Moving up: Koo left private equity deal-making, wanting to seize on China’s online potential. In March 1999, he was named chief financial officer of Sohu.com, a major Chinese Internet portal similar to Yahoo, with a search engine, news and games. Koo later became the company’s president and chief operating officer. He left in March 2005 to realize his lifelong dream of starting his own business. Youku was launched in June 2006 in Beijing. It became available nationwide six months later. Within a year, its viewership grew twentyfold.
Management philosophy: “People talk about empowering your team. But that has to come in stages. You have to lead by example first. Once you have that trust and relationship, you can begin to pull back and let your team take over.”
Controlled environment: Koo’s site early on ran afoul of China’s strict censorship laws. So he assigned teams of hundreds of workers to remove sexual content uploaded by users. Workers also squelched material that Beijing considered politically sensitive. Censorship is one of the reasons that Google Inc. has threatened to pull out of China. Cooperation won Youku one of the first official licenses for a video-sharing site, a decision Koo defends. “Any country has its own rules and regulations for its development,” Koo said. “When dealing with this environment, you have to be ready to work within the rules.”

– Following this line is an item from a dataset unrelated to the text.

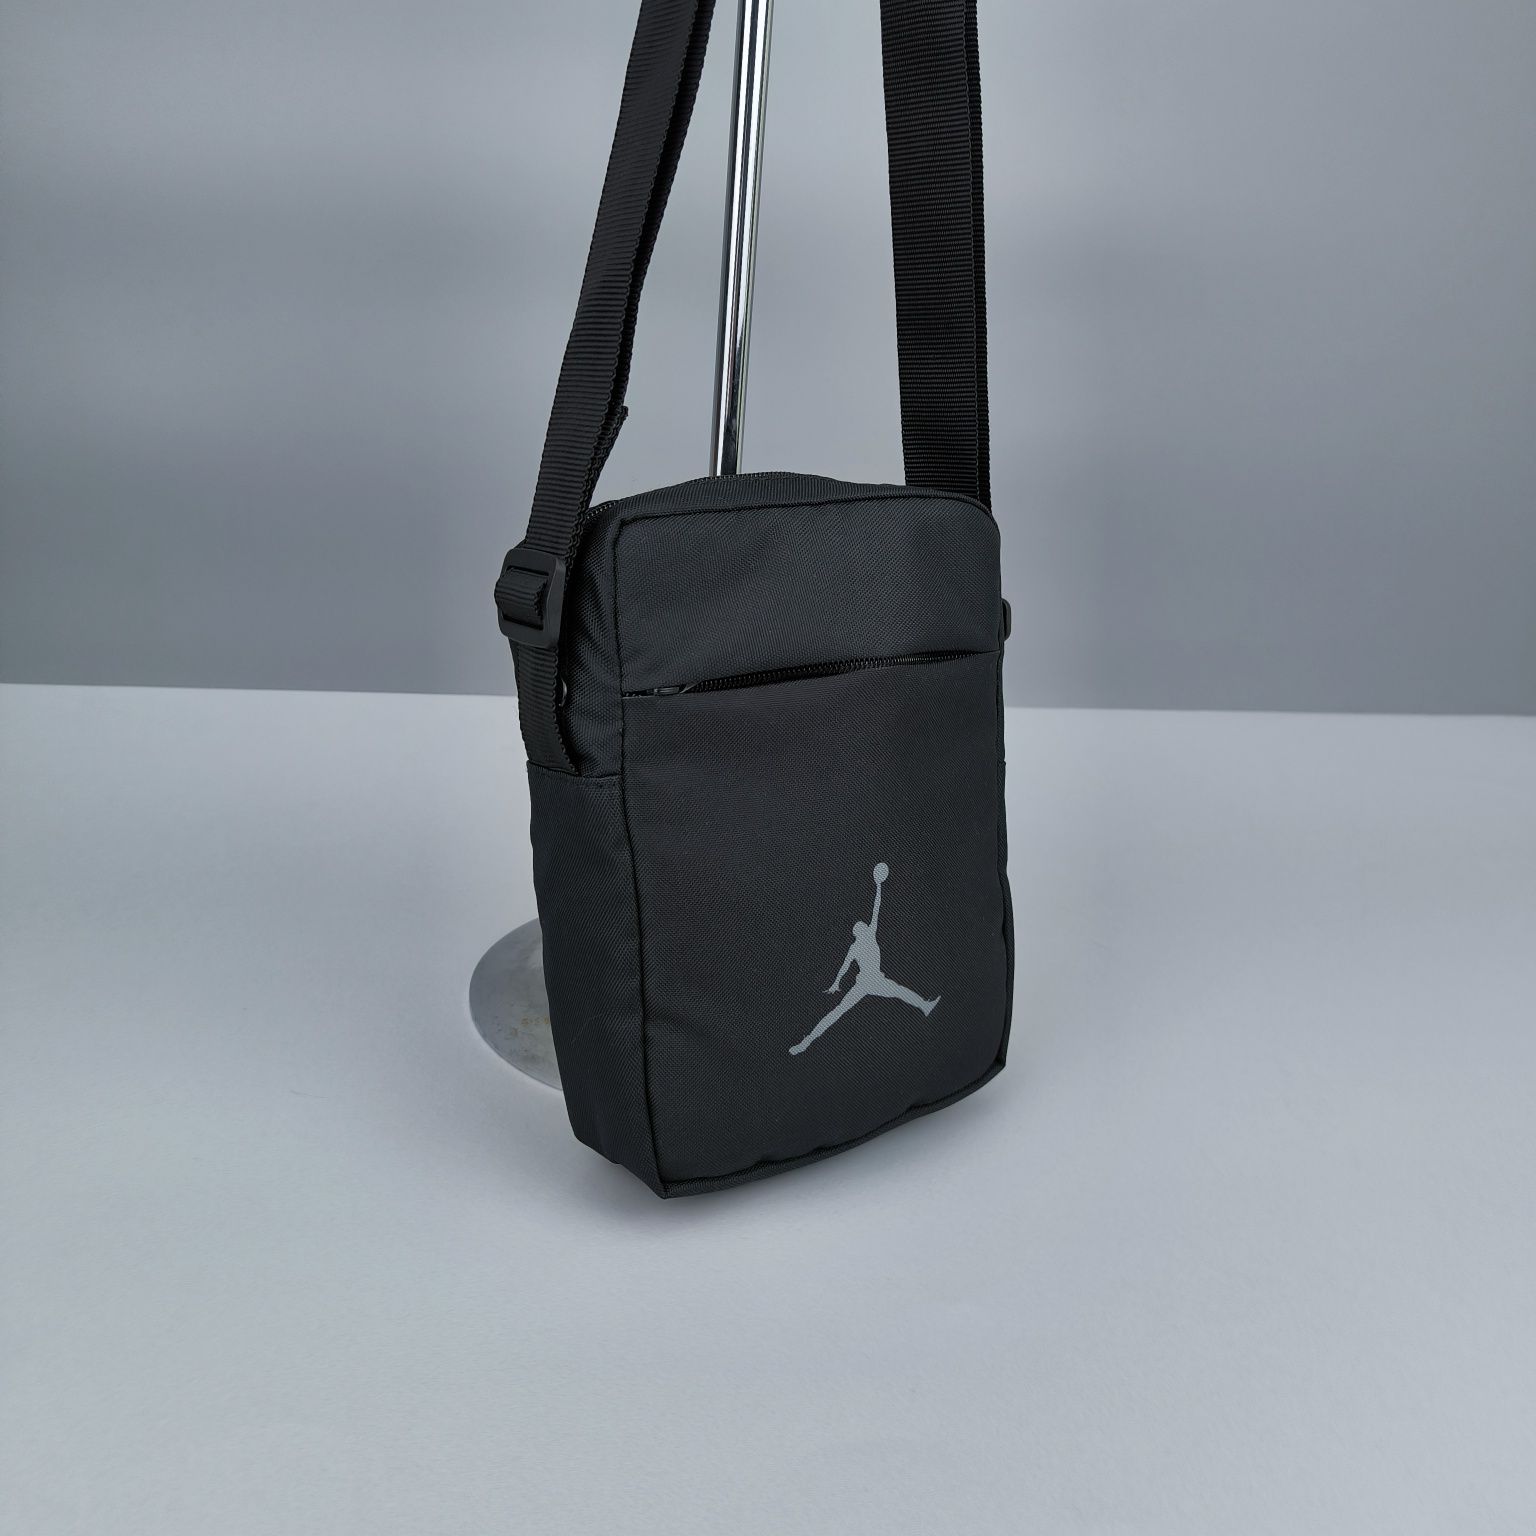 Сумка спортивна Nike Jordan спортивная через плече мессенджер мини

Funding: Since 2006, Koo has raised $10 million in debt and $110 million in private equity funds from U.S. and Chinese investors, including Brookside Capital, Maverick Capital and Chengwei Ventures. The company posted revenue of $29.3 million last year and is eyeing a public offering in Hong Kong or the U.S. “Going from zero to IPO, that’s the goal you want to reach,” Koo said.
Reminds himself every day to: “Be open, honest and direct.”